Task to complete: Copy the listing exactly, please, and keep every picture out of it.

Data section:
________________________
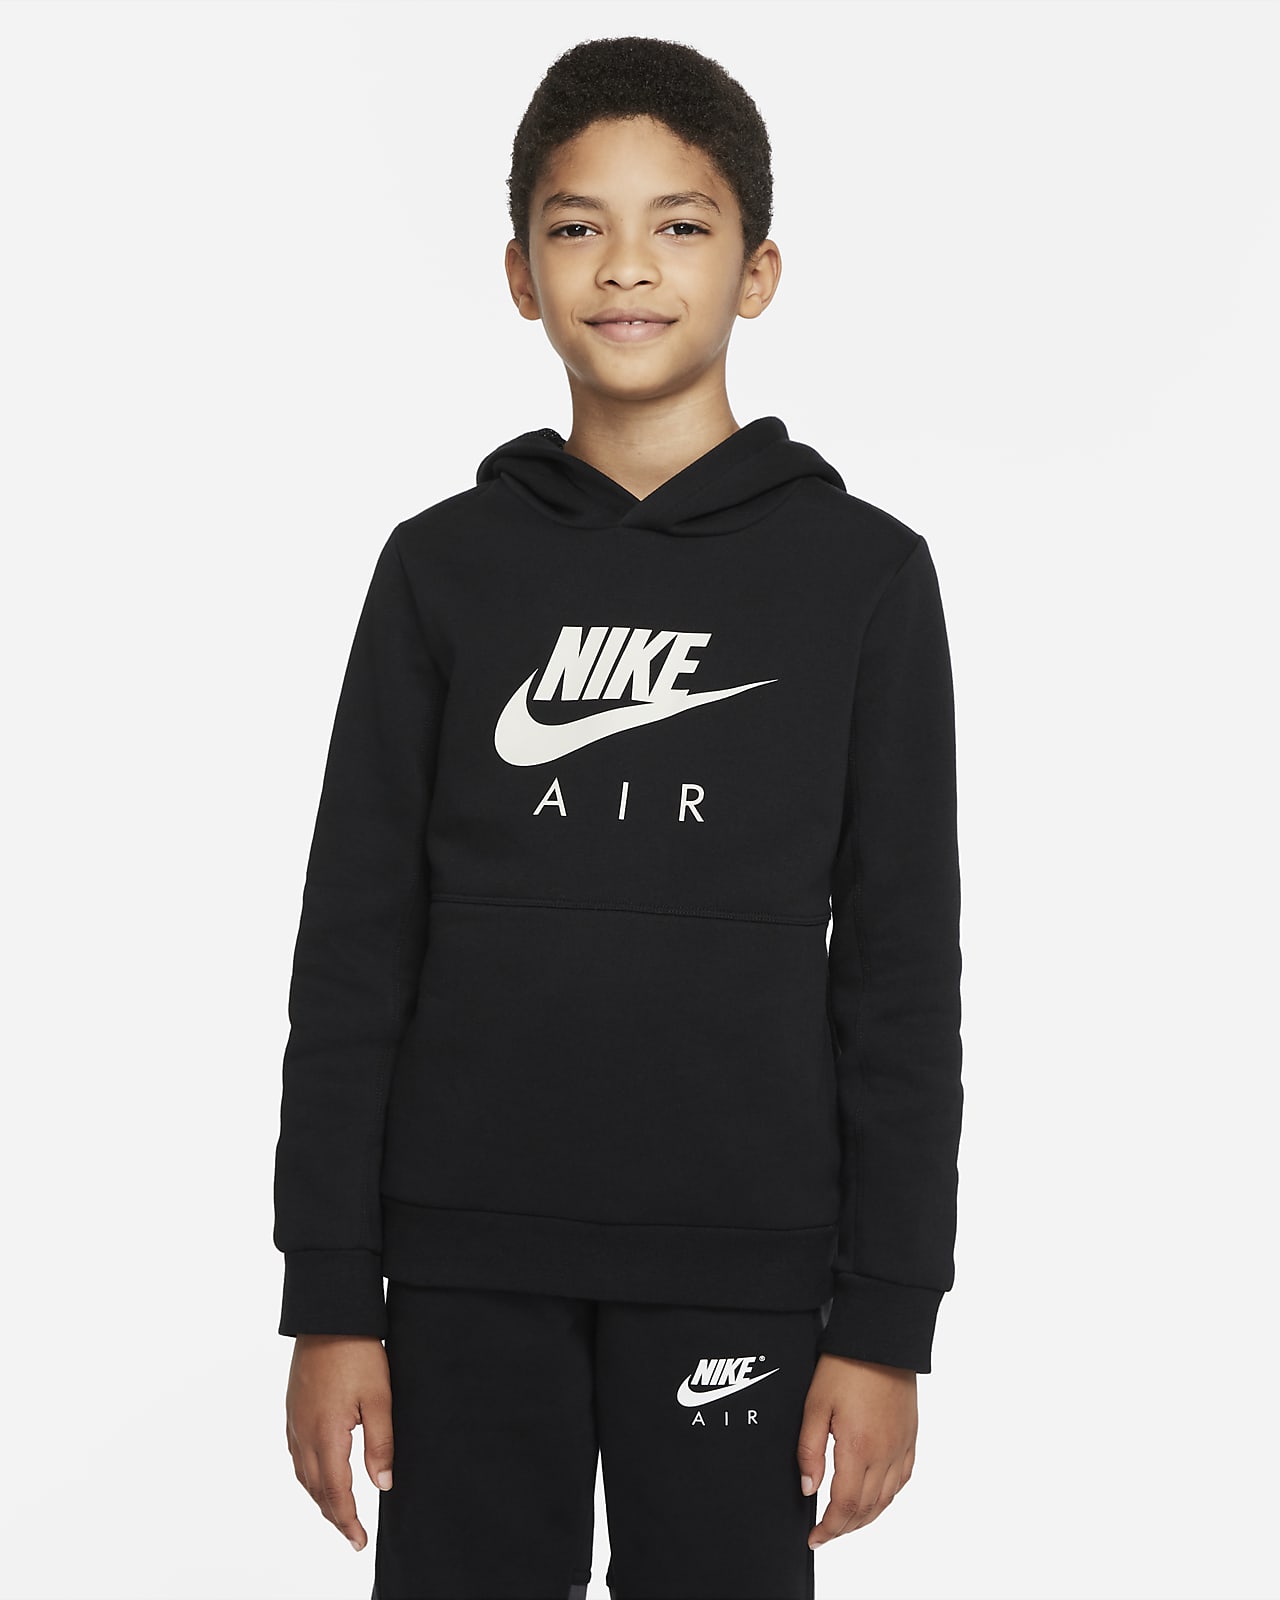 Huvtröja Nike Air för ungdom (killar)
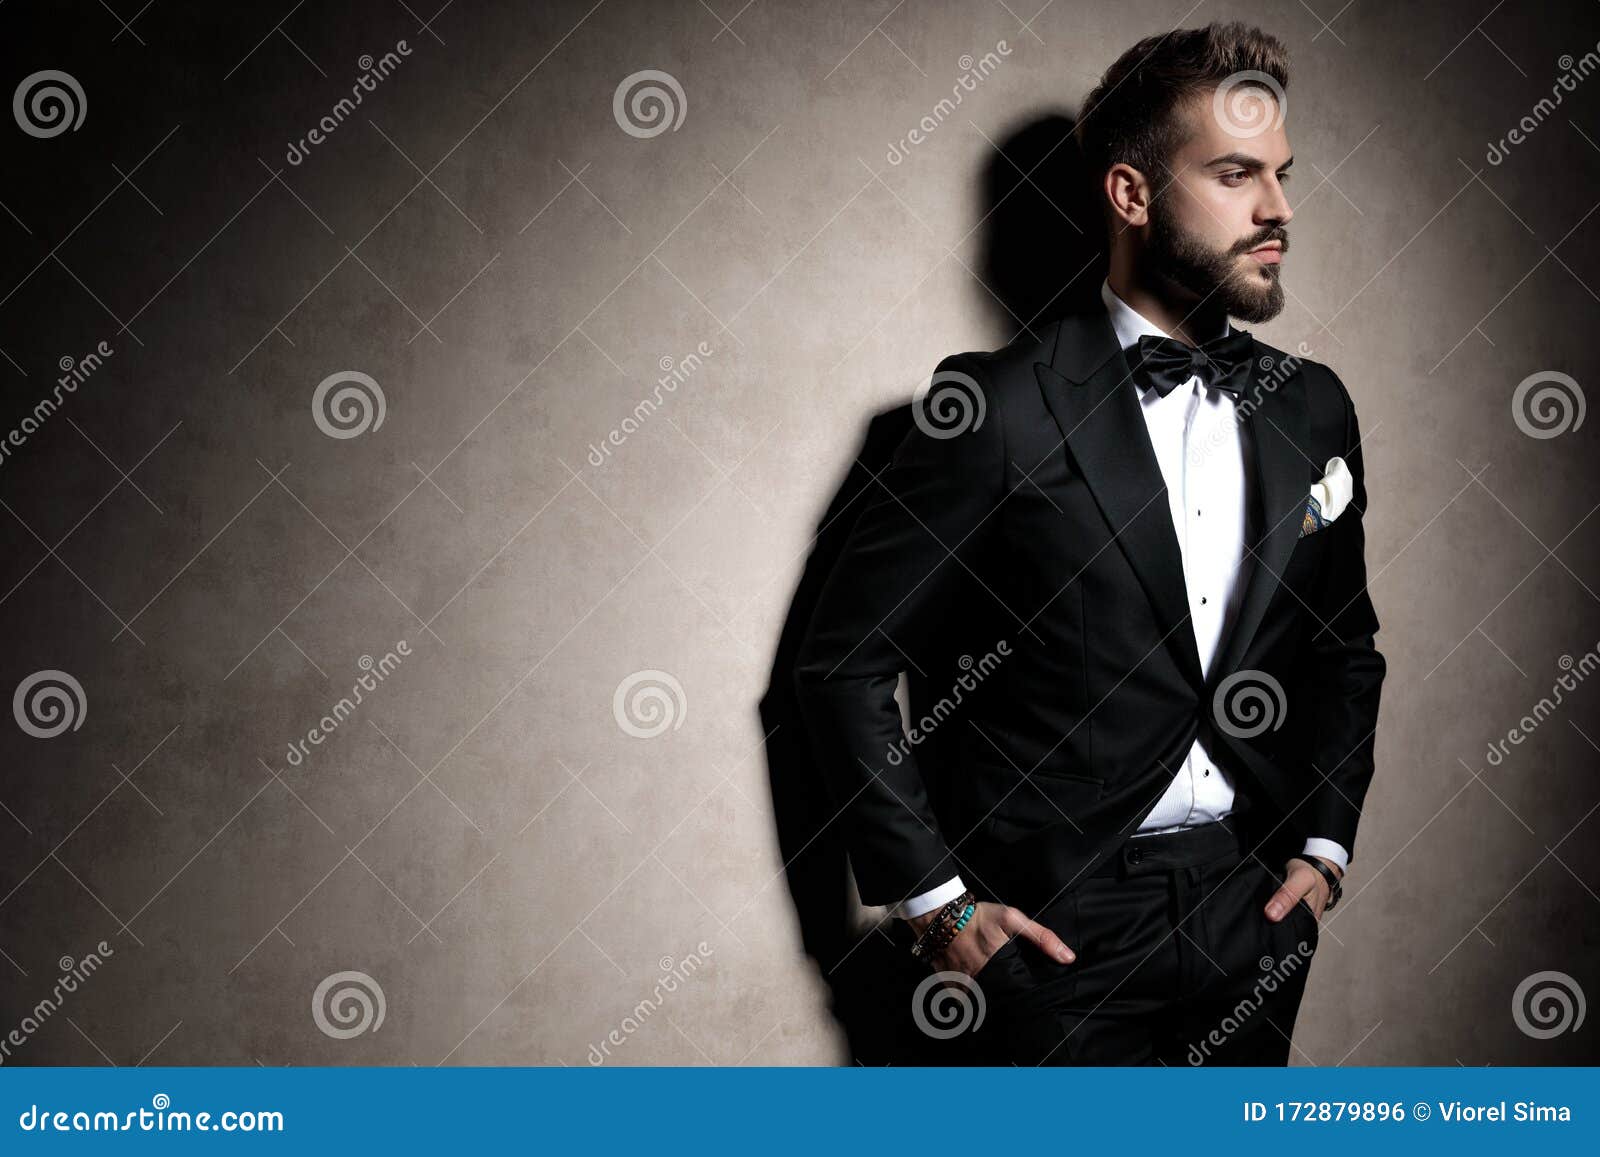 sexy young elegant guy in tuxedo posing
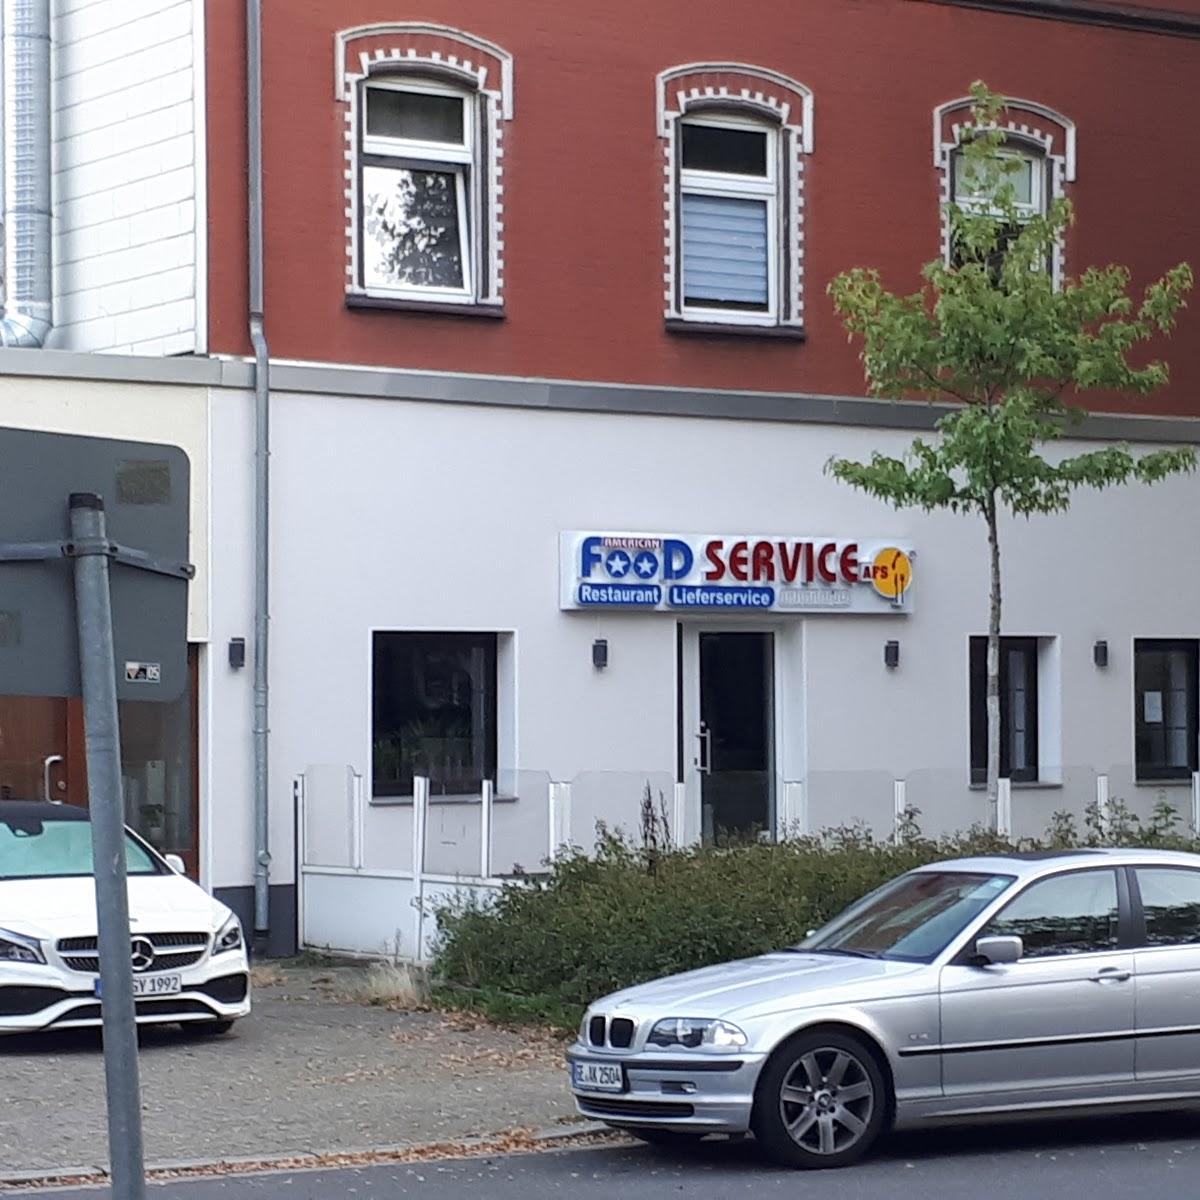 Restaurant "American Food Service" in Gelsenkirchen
________________________
Solution to this task:
 Huvtröja Nike Air för ungdom (killar)
 sexy young elegant guy in tuxedo posing
 Restaurant "American Food Service" in Gelsenkirchen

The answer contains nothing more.